I want to approach this from a slightly different angle, if the Committee will bear with me, because it may not be obvious to begin with. I have just finished reading a book by Professor Sir Paul Collier, The Future of Capitalism. He is the professor of economics and public policy at the Blavatnik School of Government in Oxford and makes an interesting point which is relevant to this debate, narrow though it may seem in that context. He says that the ethos of a typical company has been changing. I imagine that he is probably now in his 60s or possibly even his 70s, but as a young man he was brought up in Sheffield, where there were lots of steel companies. As he says, at that time everyone was proud of producing wonderful steel. Sheffield was the steel city of the world and, on the whole, workers were treated well, with strong trade unions and strong rights.
My first job was with Rowntree’s, which is well known as a part of the Quaker tradition. It has now been taken over by Nestlé while the other big Quaker confectionery company, Cadbury’s, has been taken over by an American company. Those companies built houses for their workers and had a proper approach to welfare. There was also the Rowntree Trust, which was involved in social policy.
Paul Collier’s book is very interesting, because he relates it to the nature of capitalism and how we deal with workers. His point is that since the 1970s, things have changed slowly. We have steadily introduced the idea of a company producing not the best product it can but shareholder value, which rules the roost. Companies are now expected to adhere to shareholder value in their basic philosophy. The professor has worse examples than that. For example, he mentions that at Goldman Sachs, people were sent out to find suckers to sell their products to. That is the level we have got to in some parts of our financial industries. As a consequence, this is in effect globalisation. Globalisation has been immensely good in many ways. It has lifted millions of people out of poverty in China and India, but it has had a downside. It has meant greater inequality, less care than there perhaps was previously for workers’ rights and, generally, poor- quality jobs.

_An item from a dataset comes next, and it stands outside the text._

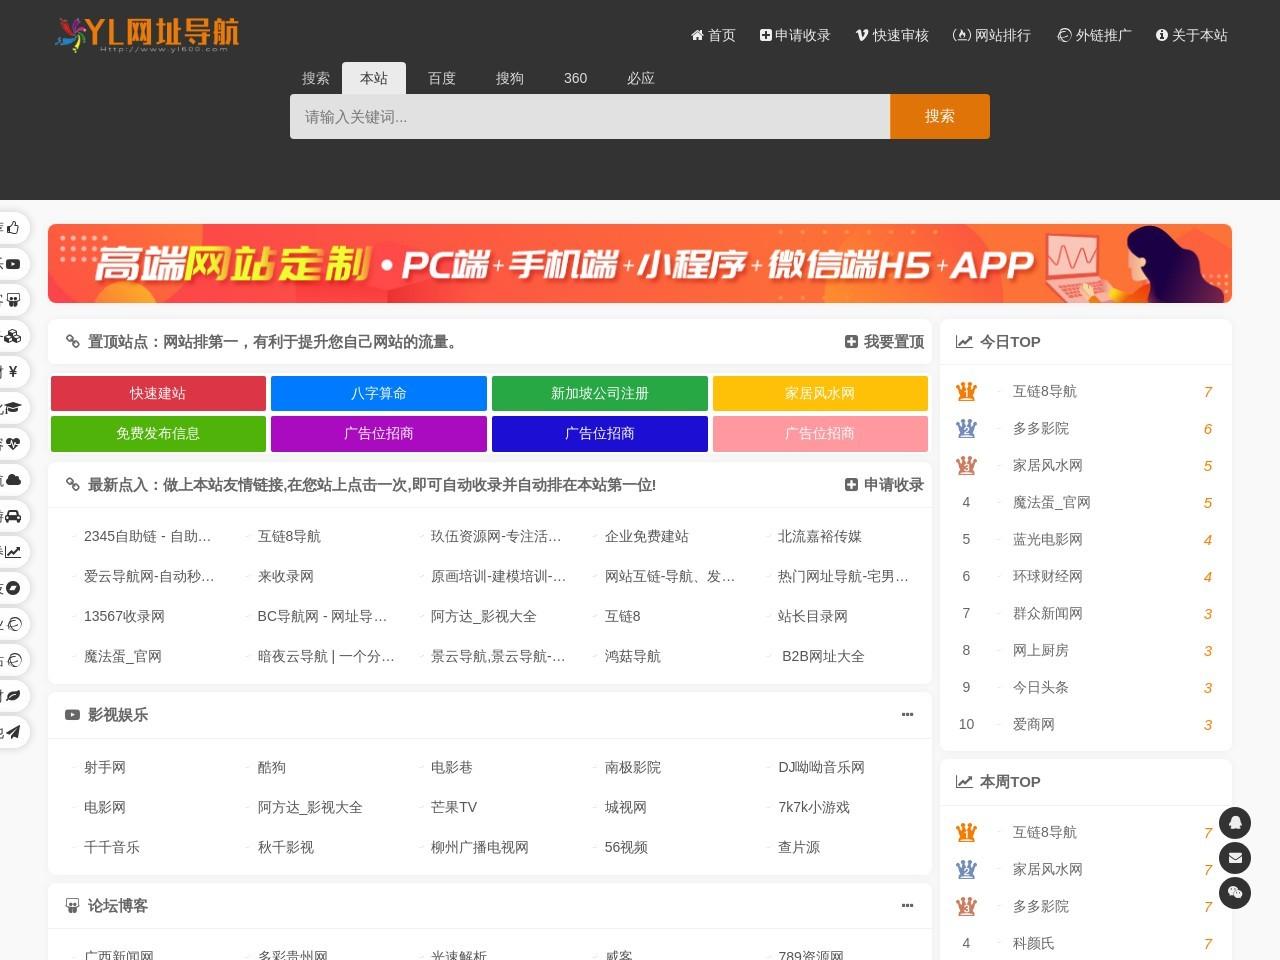 YL分类目录网

This growing inequality is one of the things that I think led to Brexit, for example, to the rustbelt in America, the protests in France and the problems in the Mezzogiorno of Italy. With that downside there is less care for the workers, as opposed to the overall demand of a company to maximise profits and pursue consumer satisfaction, at the expense of workers’ rights and experience.
The obvious answer is more active government. I was glad that my noble friend made the point that there is a possibility of doing something through a statutory instrument to address this issue. I hope that the Minister has something positive to say about that. Today I understand that Greg Clark, the Business Secretary, is setting out some further examples of how the Government are tackling workplace problems and worker rights and I hope this can be included in that general agenda as well as in the specific question which my noble friend raised.
As Professor Collier states in his book, the truth is that government cannot do everything. I think the right reverend Prelate will agree with this point. We also have responsibilities. Companies have responsibilities and individuals have responsibilities as well as the state. The state simply cannot cover the waterfront and get all this done. It is simply too much to ask, especially when we have this wretched Brexit and the bandwidth of government is totally occupied with other matters. Companies have to reacquire—this is the point that Professor Collier makes in the book—the moral and ethical dimension which many of them once had but which is less prevalent today. My noble friend mentioned some companies which have already adopted this idea of help with degenerative or terminal illness, and I was glad to hear that, but he also mentioned that it was not mentioned in the advice given to his daughter and daughter-in-law who are in the HR field, so clearly there is a real problem about companies not recognising the issue.
My plea is not only for the Government to look at this issue and do something about it but that companies, perhaps through the TUC campaign, get on board. It is wonderful that Jacci Woodcock is here today. I am delighted to see her; we are full of admiration—I certainly am—for all that she has done. It is remarkable and it will be a great tribute to her if we could rack up examples of companies voluntarily doing something about it, not waiting for a statutory instrument to be passed by your Lordships’ House and the House of Commons. That would be a wonderful tribute to the work she has put in.
My Lords, I am most grateful to the noble Lord, Lord Balfe, for this debate and to the Committee for allowing me to speak in the gap. I should declare an interest because when I was chair of the National Council for Palliative Care, which has now merged with Hospice UK, it was an early signatory to the TUC voluntary code of practice and did not hesitate for one second over signing up to it.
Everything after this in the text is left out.